И она все-таки оказалась осторожнее – так он, удивленный, оценил ее жест, когда она дотронулась до его плеча рукой – остановила наконец. «Мальчику надо спать». Сын смотрел на него, словно не узнавая. Тенишев растерялся. Наверное, она почувствовала свою вину и не знала, что делать. И назвала свой адрес в ближайшем городке. «Я совсем одна», – сказала она.

А ведь она позвала, думал Тенишев, сидя в кресле и глядя на спящего сына. По-другому и не могли звучать ее последние слова. Я ненадолго, думал он, выходя на шоссе. Ему казалось, что он должен хотя бы показаться перед ней.

На звонок никто не ответил, шло время, и Тенишев, стоя перед дверью чужой квартиры, нехотя стал понимать, что совершил ту спасительную глупость, очередную ошибку, которая заставляет вернуться к привычному ходу жизни.

И он вернулся.

Вот и белые ворота. И пустынное шоссе осталось позади, и дорожка парка плавно приняла его шаги. Ожидание увидеть спящего сына затеплилось внутри. Тенишев подумал, что никогда не сможет объяснить сыну свою жизнь и, самое главное, ту ошибку, которую почувствовал в ней с самого начала.

Самое близкое к правде, подумал он, самое близкое, что можно сказать молчаливыми, внутренними словами, соединяя ими и ошибку, и ее продолжение, – почему-то не жалко, совсем не жалко прожитой жизни для этого бесконечного и все же невыразимого объяснения.

СВОБОДА
Сентябрь

За иллюминатором самолета сияла полная луна, внизу серой равниной простирались облака. Тенишев хотел восстановить в памяти такую же картину из далекого детства – снежное поле, луна, топот копыт и скользкое шуршание полозьев… Но он уже сомневался – да было ли все это?
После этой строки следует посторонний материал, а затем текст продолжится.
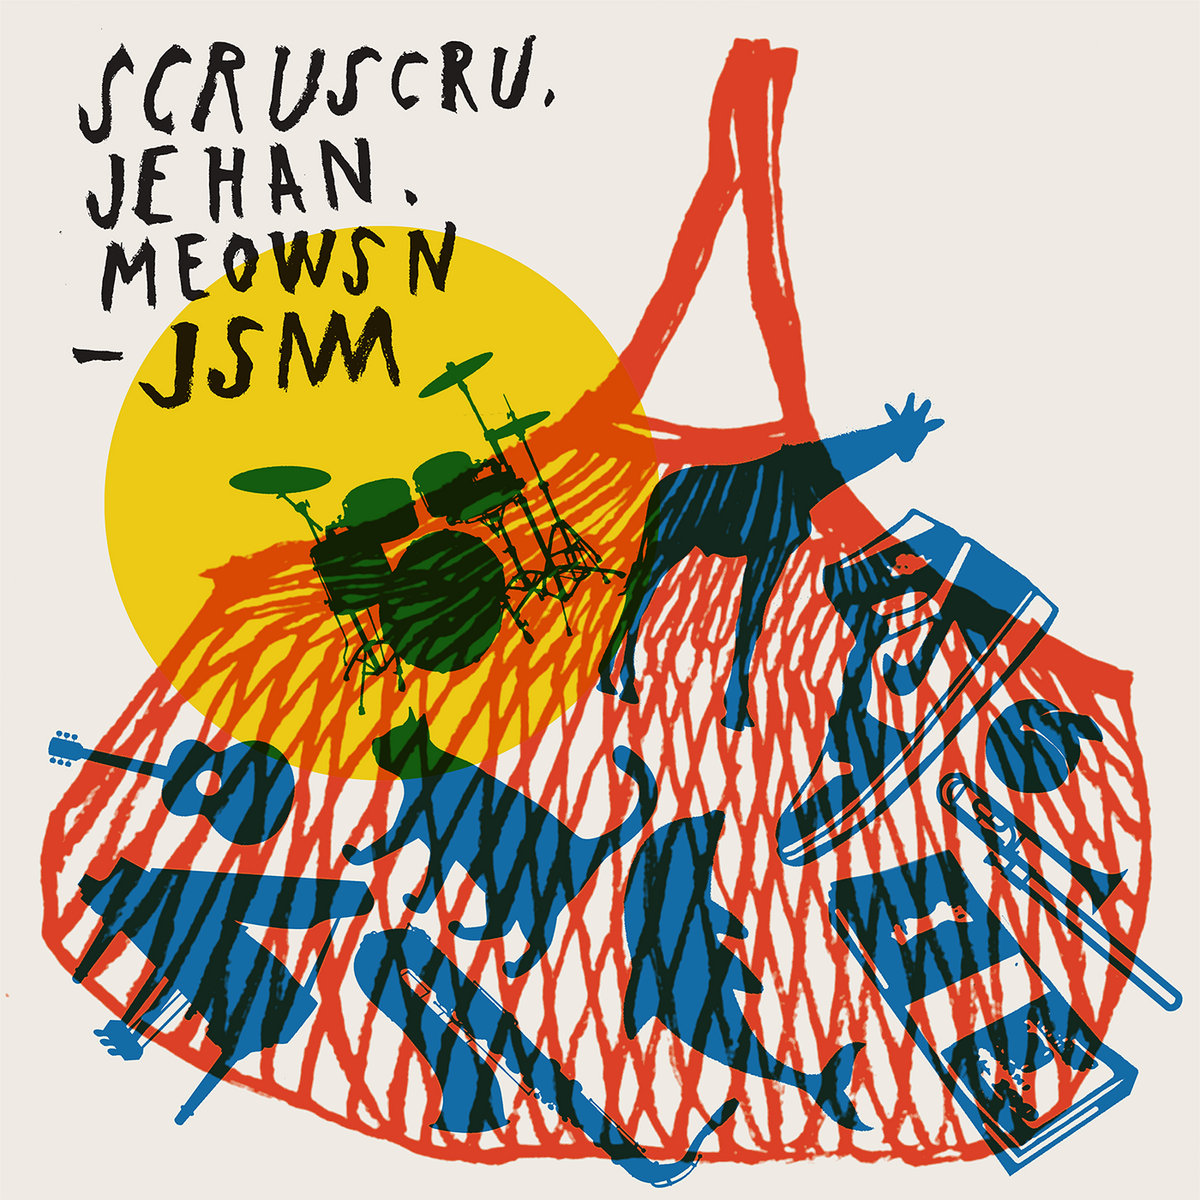 Scruscru -  JSM LP (Scruscru, Jehan, Meowsn)

Смешалось все в памяти – реальность и воображение, события и вымысел.

Эта невозможность вспомнить жизнь была похожа на то, как он вспоминал стихи, которые вспыхивали первыми строчками и продолжались только ритмом-чувством, уже без слов. Даже возвращаясь к словам, Тенишев терял их значение, и они лишь звучали общим чувством, как музыка. И опять он, в который раз, вспомнил: «Свободы сеятель пустынный…» Странные слова, каждое из которых потеряло свой собственный смысл, слившись в общее звучание. И странным образом они спасали сейчас Тенишева от той тоски, которой уже грозила обернуться дальняя дорога. Словно он не умел быть растянутым в бесконечном пространстве, не мог совладать со своей памятью, терзающей темноту закрытых глаз, как сполохи молний. При каждой вспышке света появлялась картина и – гасла. И еще, и еще… Сон мог бы продлить память в бесконечности, беспрерывности, но сон не приходил в дороге.

И назавтра, когда плыли по Енисею на катере, Тенишеву казалось, что жизнь его всплывает очертаниями и силуэтами прибрежных холмов и высоких облаков. Сама по себе память оставалась бессильной, пустой, и заполнялась виденным.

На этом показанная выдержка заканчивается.